§ **Exercise directions**:
Please restate each line of the data below exactly. Omit all images.

[Data section]

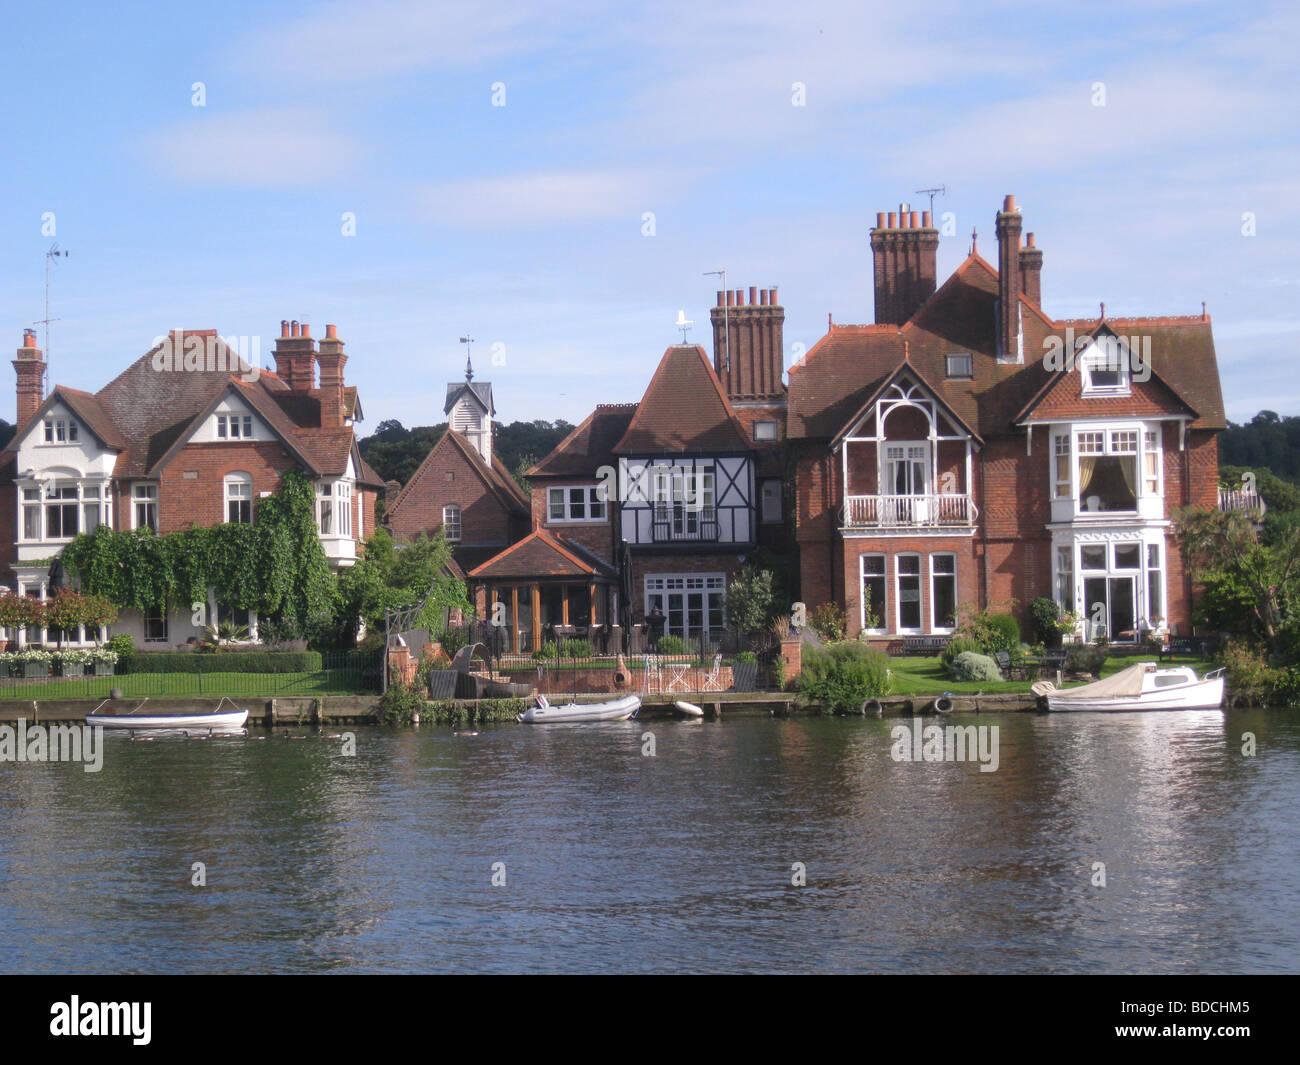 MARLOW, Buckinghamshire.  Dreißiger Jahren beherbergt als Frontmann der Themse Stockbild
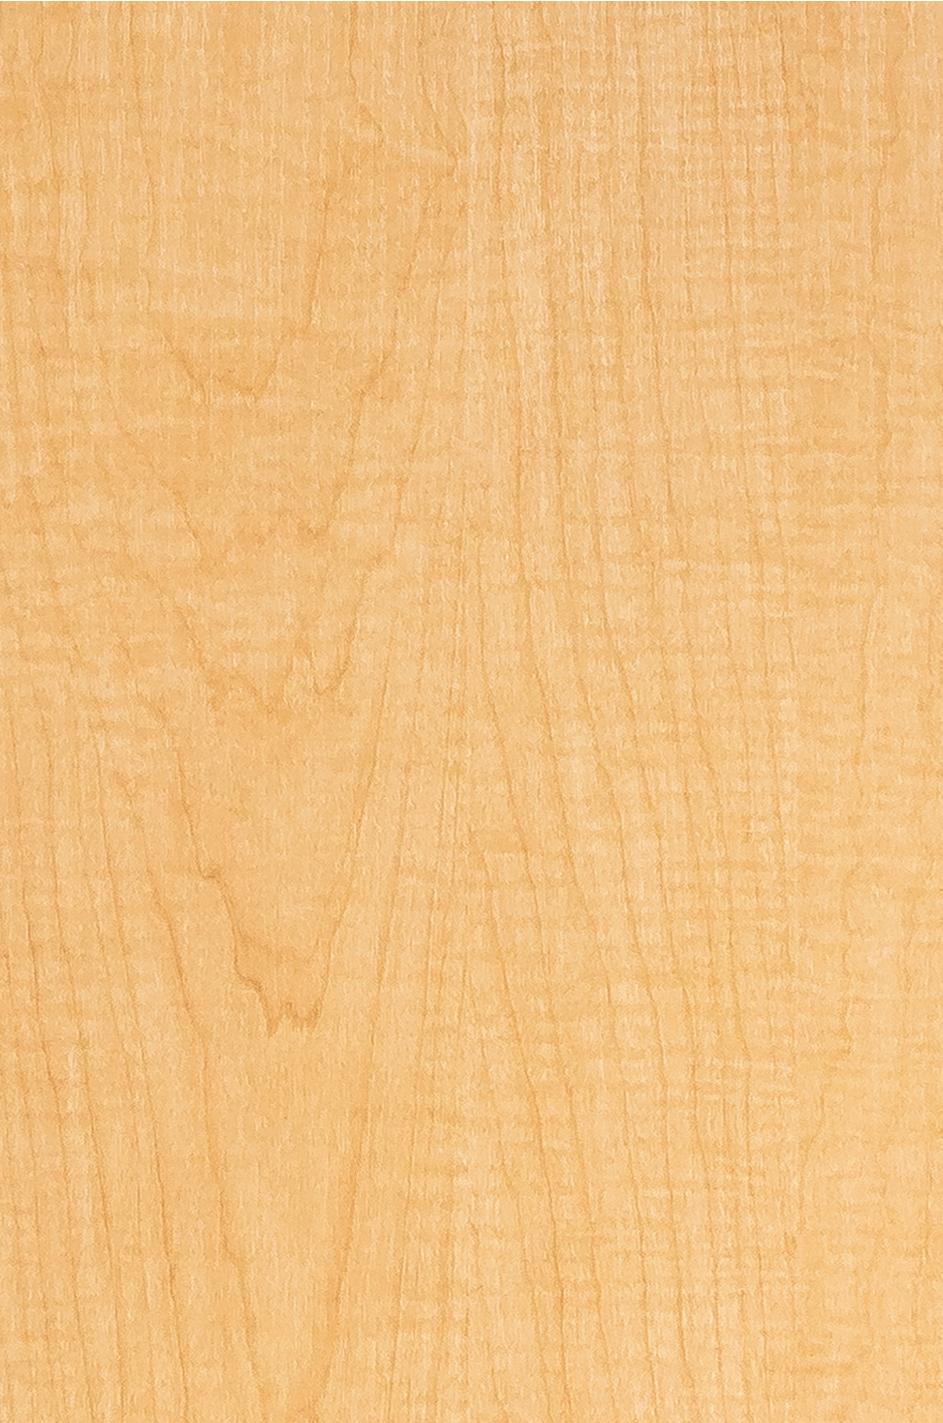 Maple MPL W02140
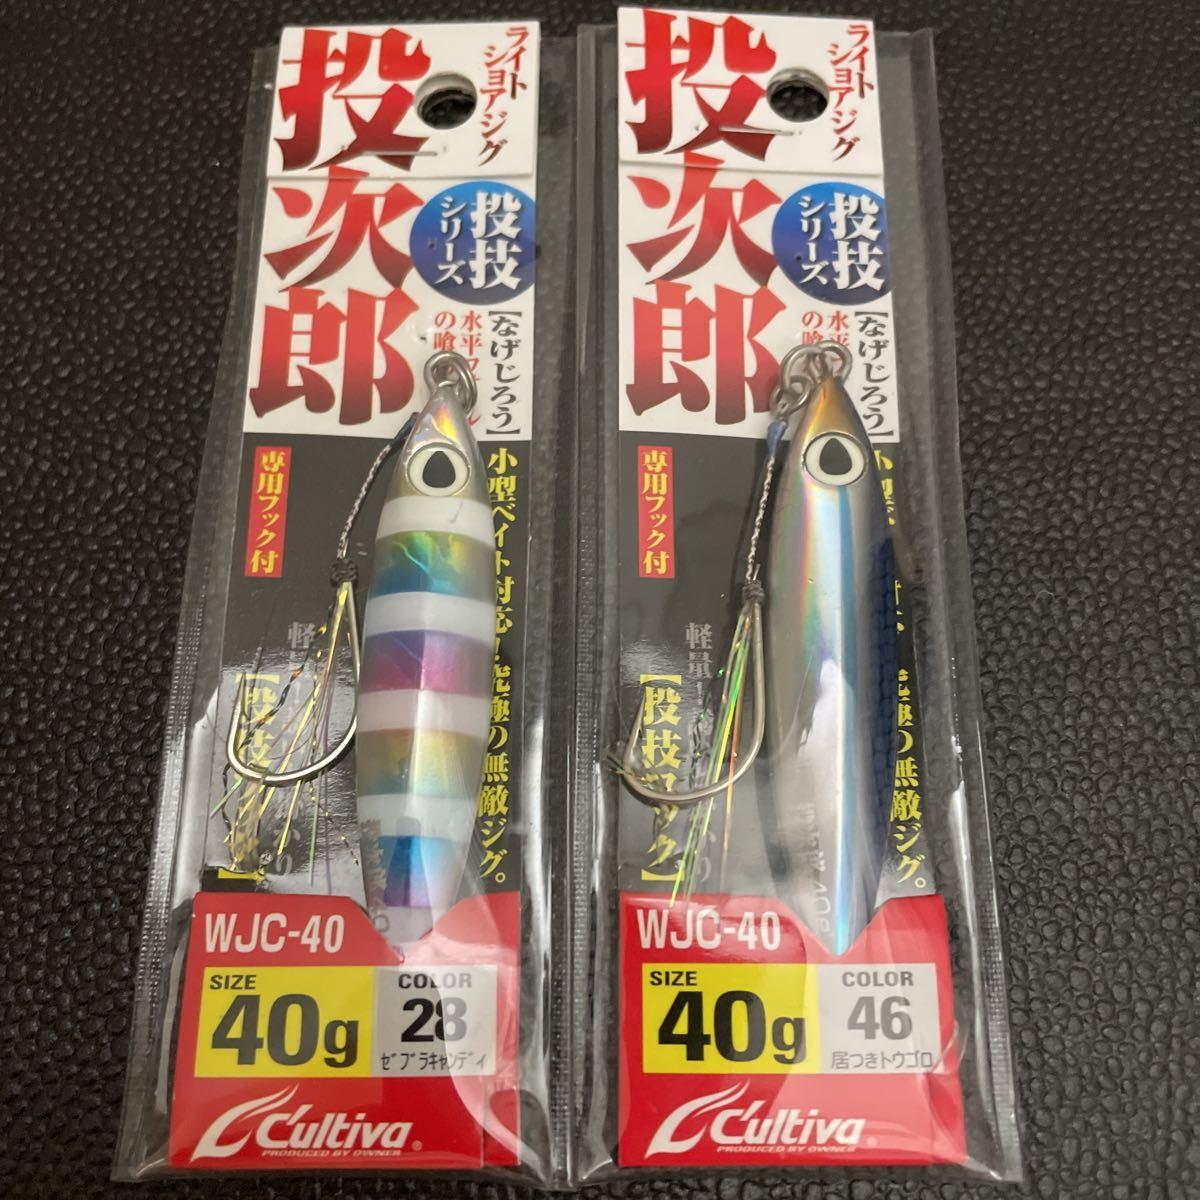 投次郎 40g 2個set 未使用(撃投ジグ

[/Data section]

§ **Result of the exercise**:
 MARLOW, Buckinghamshire.  Dreißiger Jahren beherbergt als Frontmann der Themse Stockbild
 Maple MPL W02140
 投次郎 40g 2個set 未使用(撃投ジグ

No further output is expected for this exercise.